The rising trend of sleep coaching is addressing a growing concern among adults who struggle with insomnia and anxiety, exacerbated by excessive screen time and stress. As many as 57 percent of Americans believe they would feel better with more sleep, according to a 2023 Gallup poll, a significant increase from 43 percent in 2013. With only 25 percent of respondents reporting they get the recommended eight or more hours of sleep each night, sleep professionals are stepping in to help adults improve their sleep habits.
Historically, sleep coaches have primarily focused on helping infants and their parents manage sleep challenges. However, an increasing number of adults are seeking assistance as they recognize the impact of sleep deprivation on their daily lives. A sleep consultant recently shared insights on the growing demand for adult sleep coaching, highlighting that major life events such as job stress, relationship changes, or even the loss of a loved one can disrupt sleep patterns.
In her experience, she observes two main types of clients: those facing acute life changes and individuals with chronic sleep issues who have struggled with insomnia for years. Many adults internalize their sleep problems, often labeling themselves as “insomniacs” after years of poor sleep.
The consultant emphasizes that transforming both daytime and nighttime habits is vital for improving sleep quality. She notes, “I always laugh, because when I’m cornered at a dinner party it’s like, ‘Oh, I just have a quick question. I haven’t slept through the night in 19 years.’” With over 20 years of experience, she helps clients unravel the complexities of their sleep struggles.
A common misconception among those seeking help is that their nighttime habits alone are responsible for their insomnia. For instance, one client who could not sleep through the night was found to be consuming the majority of her calories during late hours, leading to frequent awakenings to eat. Another client, who exercised regularly and drank excessive amounts of water, discovered that her frequent trips to the bathroom throughout the night were disrupting her sleep.
The consultant often encounters clients who struggle with basic daily functioning as a result of sleep deprivation. She recalls a mother who forgot to fasten her child’s seatbelt and another who misplaced her keys in the refrigerator.

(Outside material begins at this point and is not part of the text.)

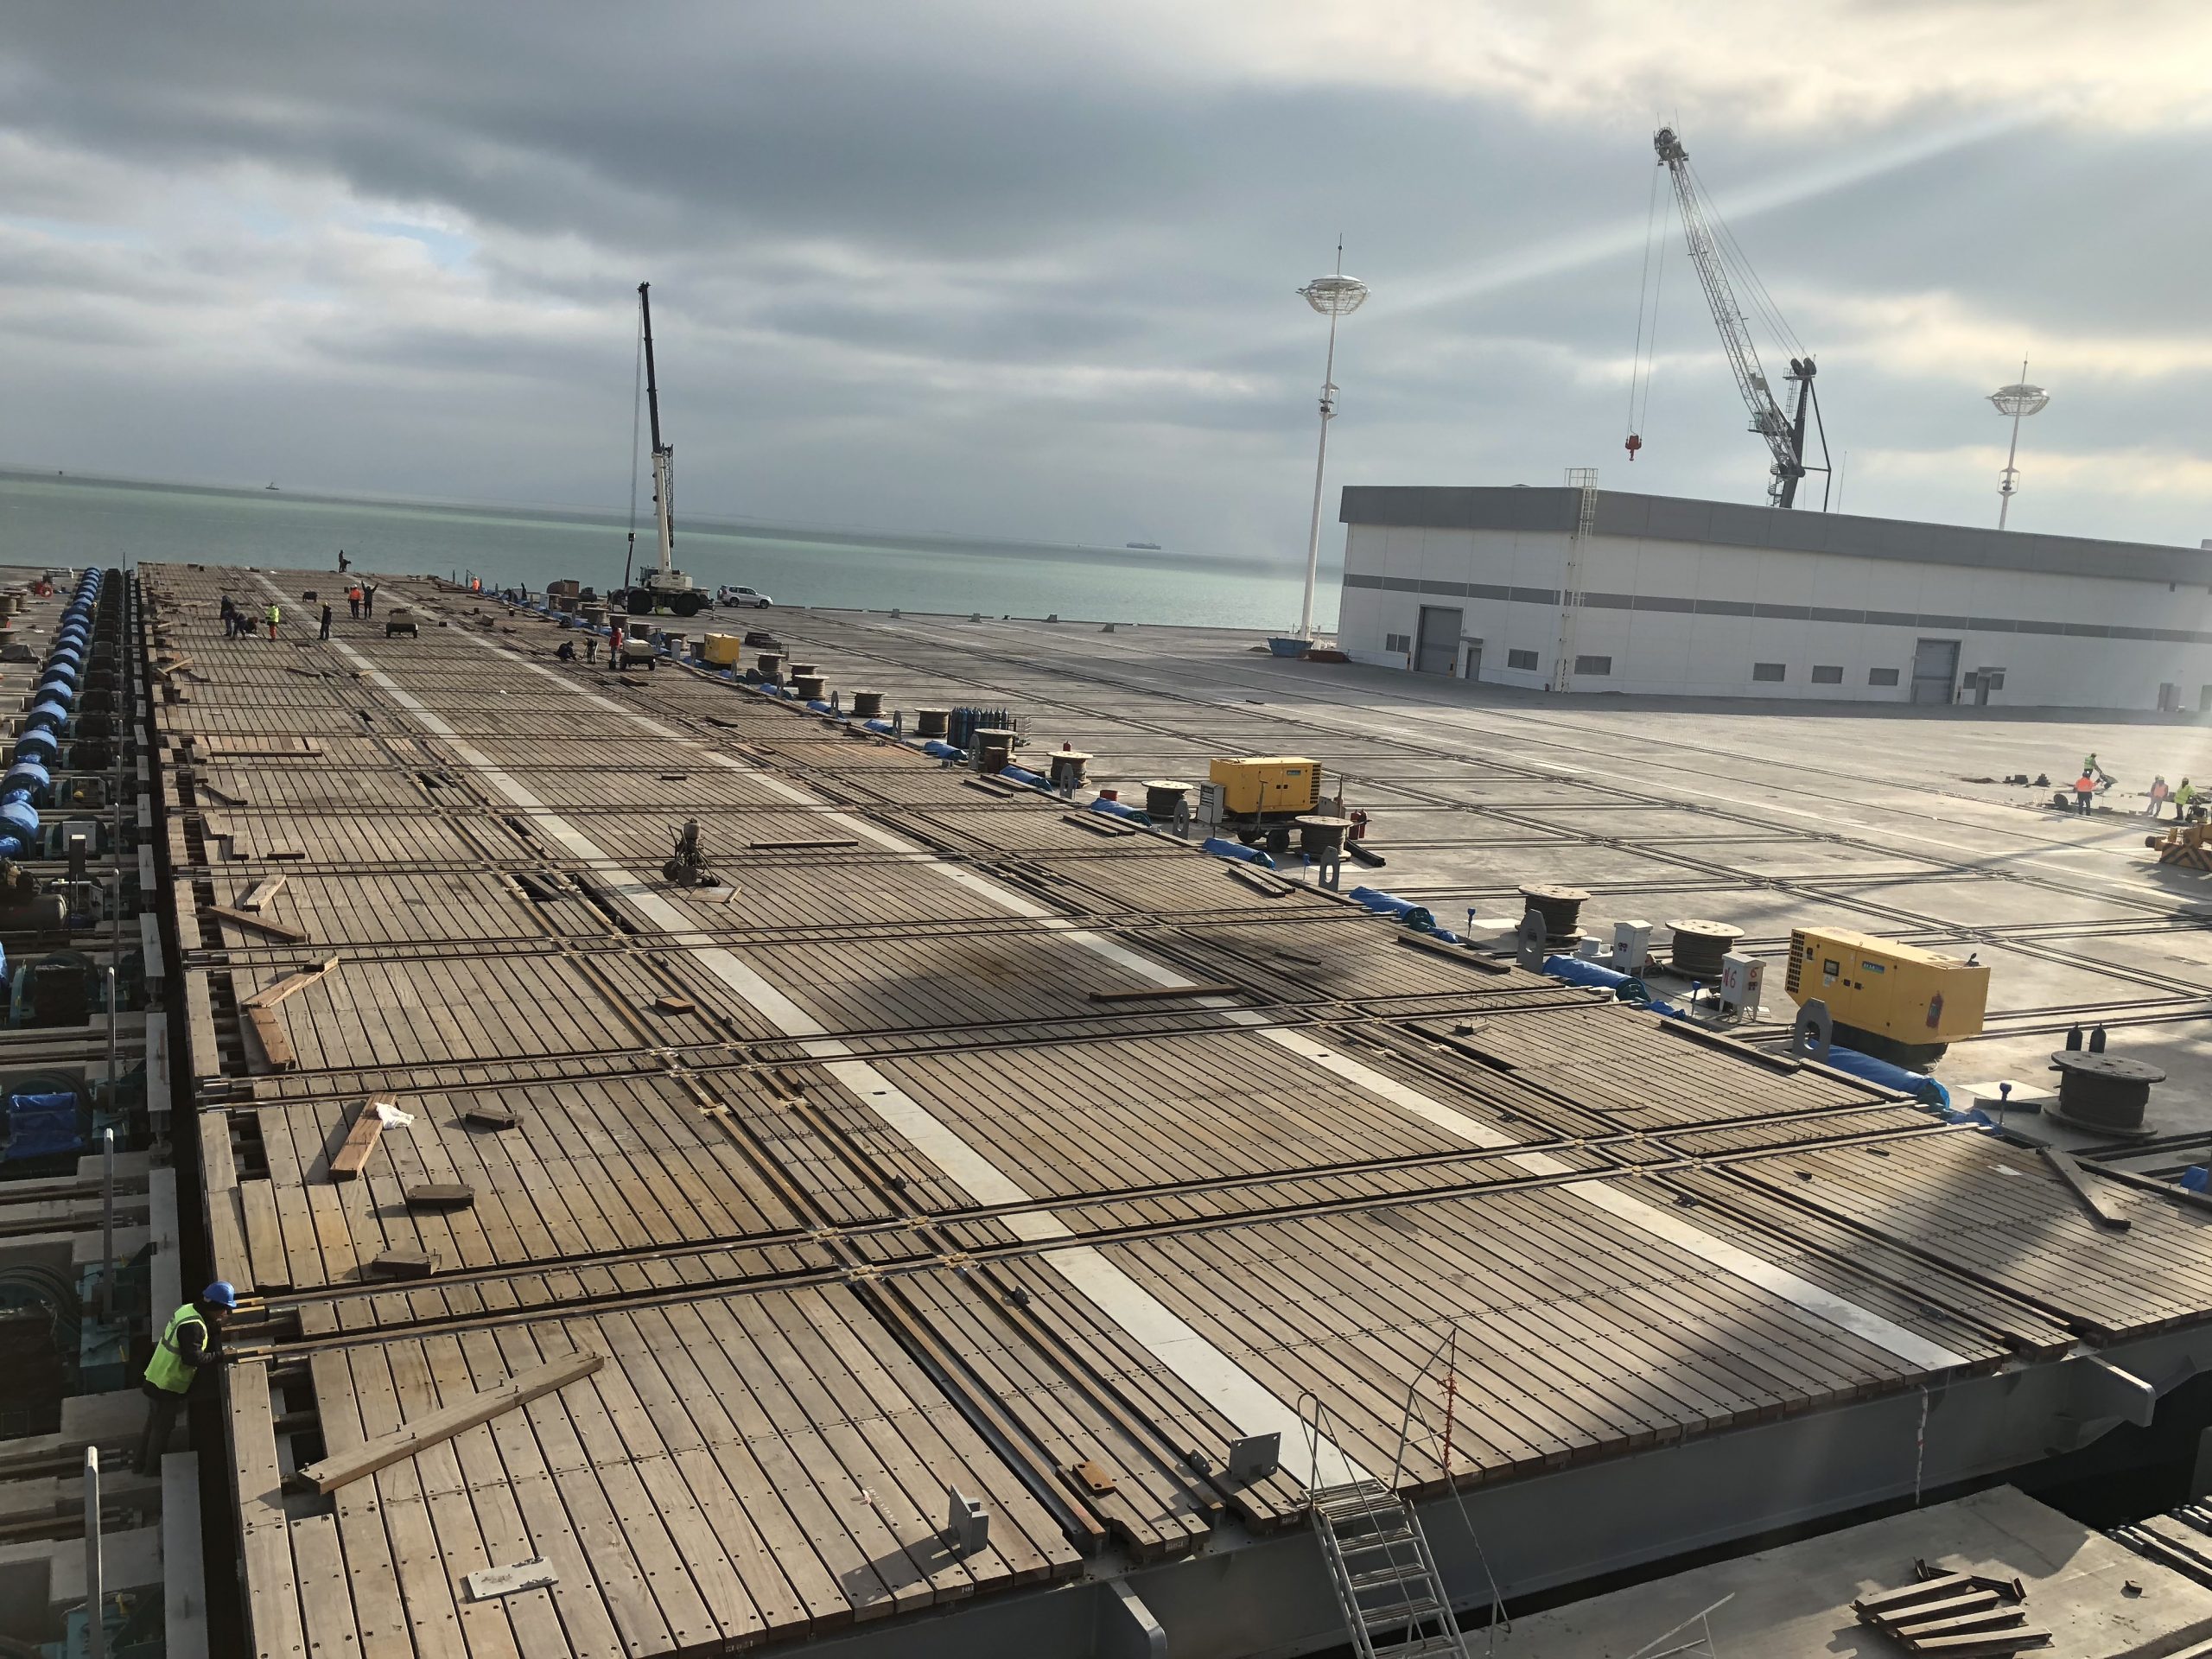 International Turkmenbashi Harbor Project – Shiplift Wood Covering , Rail Crossing Assembly and Welding Works

To address these issues, the consultant starts with fundamental sleep hygiene practices, though she acknowledges that many clients already believe they have a suitable sleep environment. “Most people think they have a good setup, but their habits or their environment are working against them,” she explains. This is where specialized coaching becomes essential, as it can reveal overlooked factors impacting sleep quality.
The mindset surrounding sleep also plays a critical role. Many clients harbor beliefs that undermine their need for rest, such as the idea that sleeping equates to laziness or that they can function well on little sleep. The consultant encourages clients to redefine their narratives around sleep, using techniques like journaling, cognitive behavioral therapy, and breath work to foster healthier perceptions.
Typically, the coaching process spans 12 sessions over three months, during which the consultant maintains communication between meetings. She notes that many clients find their friends and coworkers grow tired of their sleep complaints, but the consultant remains engaged and supportive. “Self-judgment is the sleep killer,” she states, emphasizing that the cycle of negative thoughts can exacerbate insomnia.
The pervasive issue of doomscrolling—browsing through troubling news and social media late into the night—further complicates the sleep landscape. As anxiety levels rise with constant notifications and exposure to distressing content, many resort to their phones instead of addressing their feelings directly. “We are overstimulated by screens, social media, constant notifications, the 24-hour news cycle,” the consultant remarks.
To combat this, she suggests designating specific times for worries, allowing clients to process their thoughts without them invading bedtime. “I’ll give you an hour to just worry to your heart’s desire, just get it out,” she advises. By separating worry time from sleep time, clients can better manage their anxiety and improve their chances of restful sleep.
The journey to better sleep is open to all, regardless of how long someone has struggled with insomnia. “It’s never too late,” the consultant assures. As more adults turn to sleep coaching, the potential for improved well-being and productivity is significant, highlighting the importance of addressing sleep issues in today’s fast-paced world.